(EXERCISE DATA)
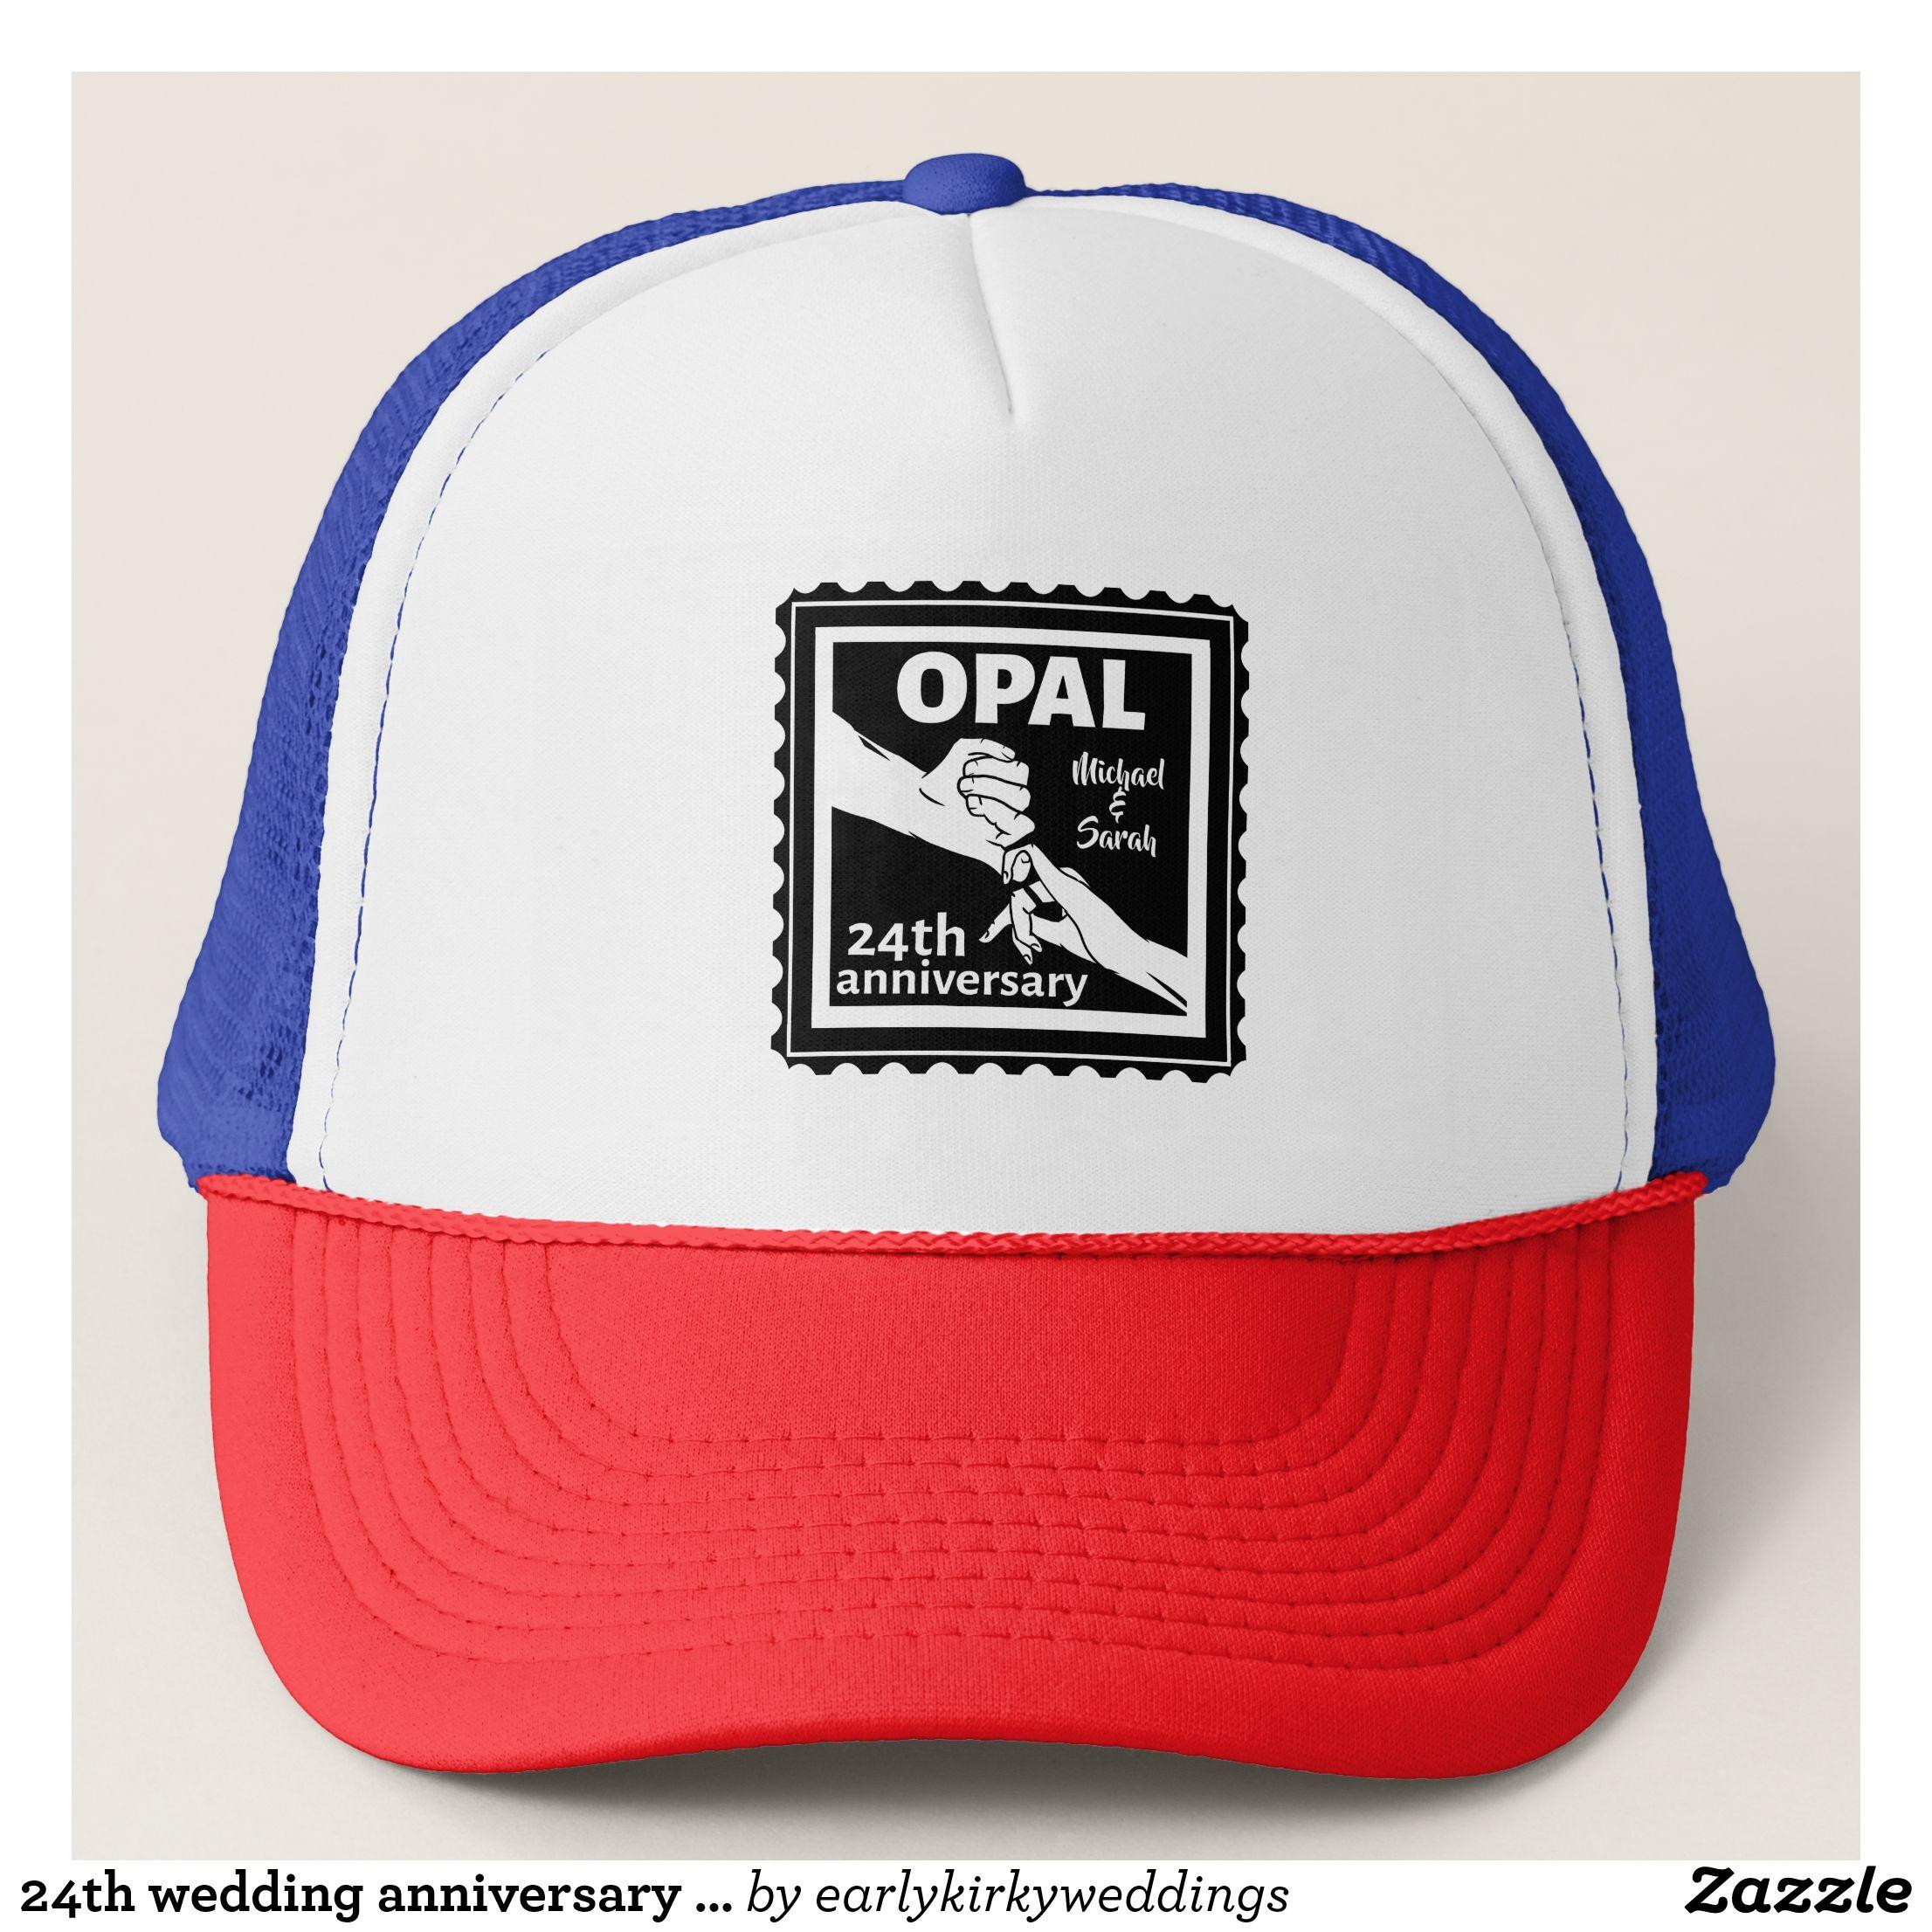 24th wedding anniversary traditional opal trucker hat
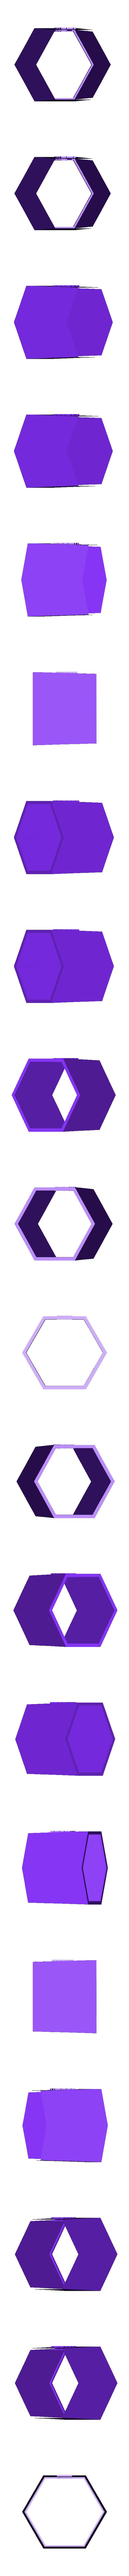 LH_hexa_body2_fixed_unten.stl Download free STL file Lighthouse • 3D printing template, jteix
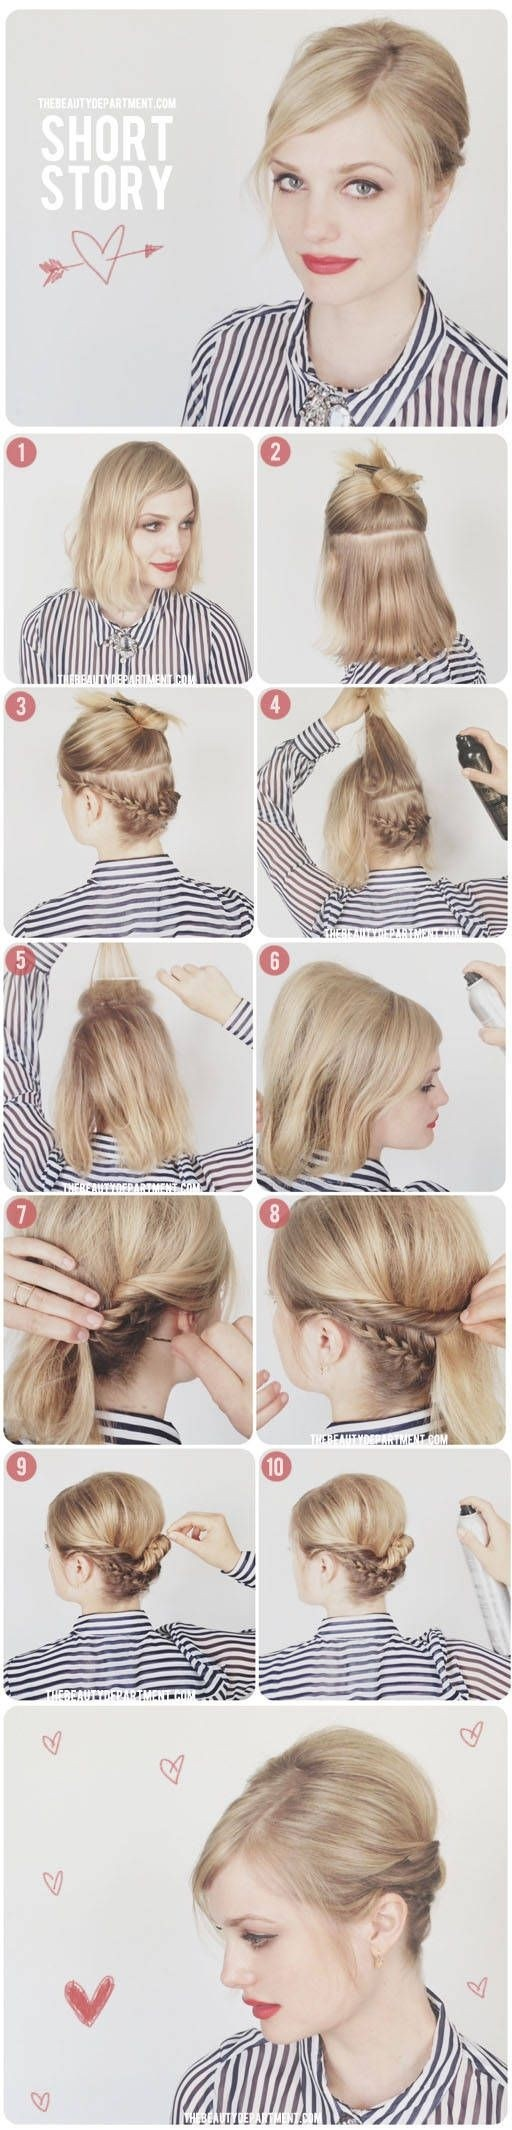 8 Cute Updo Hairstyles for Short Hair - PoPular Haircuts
(End EXERCISE DATA)
■ **ABOUT THIS EXERCISE**
Leave out the pictures and give the listing above again exactly.

■ **TASK RESPONSE**
 24th wedding anniversary traditional opal trucker hat
 LH_hexa_body2_fixed_unten.stl Download free STL file Lighthouse • 3D printing template, jteix
 8 Cute Updo Hairstyles for Short Hair - PoPular Haircuts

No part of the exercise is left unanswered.